Come join the INSPIRE team and celebrate the living tradition of our 6 sources: Our guidance come from: a sense of awe and wonder we all share; women and men whose lives remind us to be kind and fair; ethical and spiritual wisdom of the world’s religions; Jewish and Christian teachings which tell us to love all others as we love ourselves; use of reason and discoveries of science; and harmony of nature and the sacred circle of life. Service Assistant: Mary Zuck; Service Coordinator: Mary Desmone; Musician: Jackson Froman.

May 10 - Kindness

9 a.m. Marketplace of the Mind “Let’s Talk About Faith” with Jim Wise

10:30 a.m. Multi-Generational service - presented as sermonettes by four of our teens—Lily Maguire, Hannah Olanrewaju, Danieh Foltz and Becca Olanrewaju. Musician: Jackson Froman. Service Coordinator and As-sistant: Michele Paich.

May 17 - Possibility of Hostility

Casual encounters can lead to constructive conversations. We present Rev. Tandi Rogers’ lively sermon via YouTube and courtesy of the UUA: An Evangelical Christian and a Unitarian Universalist on a Plane. Christine Cedzo sings "Settle Down", a Namoli Brennet composition. Musicians: Christine Cedzo, Doug Russell and Doug Hunsberger. Service Assistant: Mary Zuck. Service Coordinator: Dixie Morrow.


May 24 - Remembering the Sacrifices

Guest Speaker: Brigadier General Mark A. Bellini, U.S. Army (Ret.). Musician: Jackson Froman. Service Assistant: Heather Steinbrink. Service Coordinator: Al Richardson.

May 31 - Post-Memorial Day / The Medal of Honor and Unitarian Universalism!

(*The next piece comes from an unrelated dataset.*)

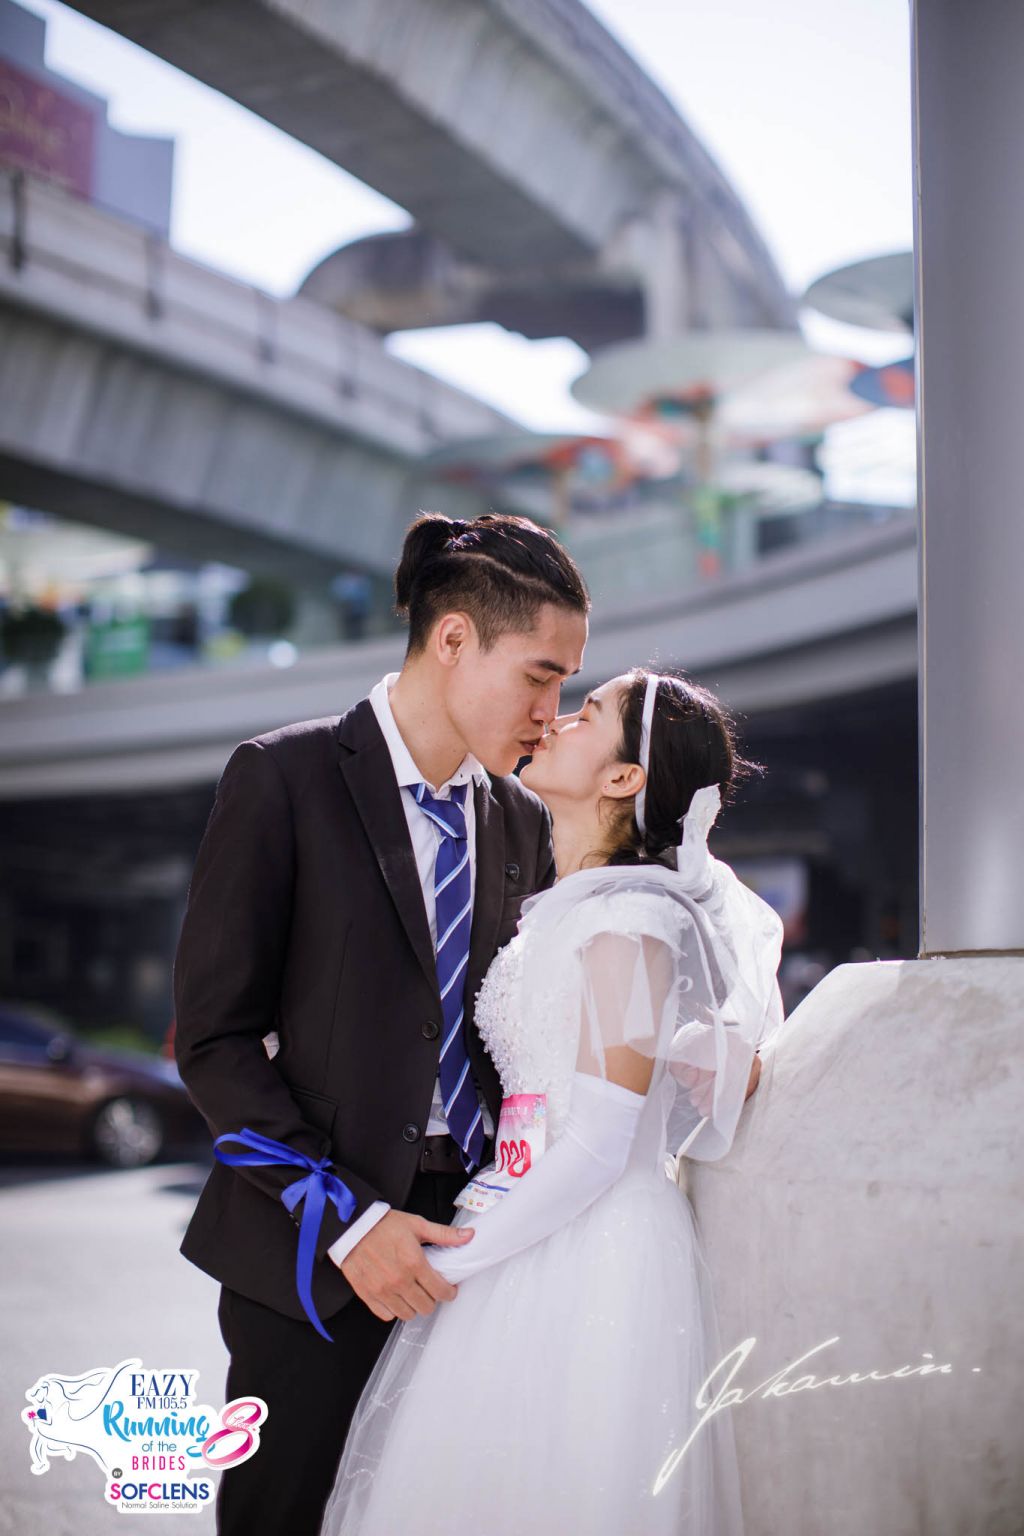 Running of the Brides: забег невест в Бангкоке невест, ноября, составил, месяц, медовый, бриллиантами, колец, подарки, приза, главного, Кроме, около, миллионов, более, Главный, Бангкоке, гонке, трехкилометровой, соревновались, женихов

Guest Speaker: John Galle-Boyko
The Congressional Medal of Honor is the highest award given to a military service member for going above and beyond the call of duty. "The Medal of Honor recipients demonstrate and articulate many of the abstract principles upon which our nation was founded in a way that makes those principles very real." (MOH Curriculum, 2015). This award has been given out to only 3,468 service men, and one woman, since its conception in 1861. In continuing to acknowledge the service and sacrifice of our mili-tary, this sermon will make connections between our UU principles and the national principles acknowledged by the Medal of Honor award. We will also acknowledge UU Medal of Honor recipients like Col. Robert Gould Shaw. Service Assistant: Sherry Syence. Service Coordinator: Leigh Kostis.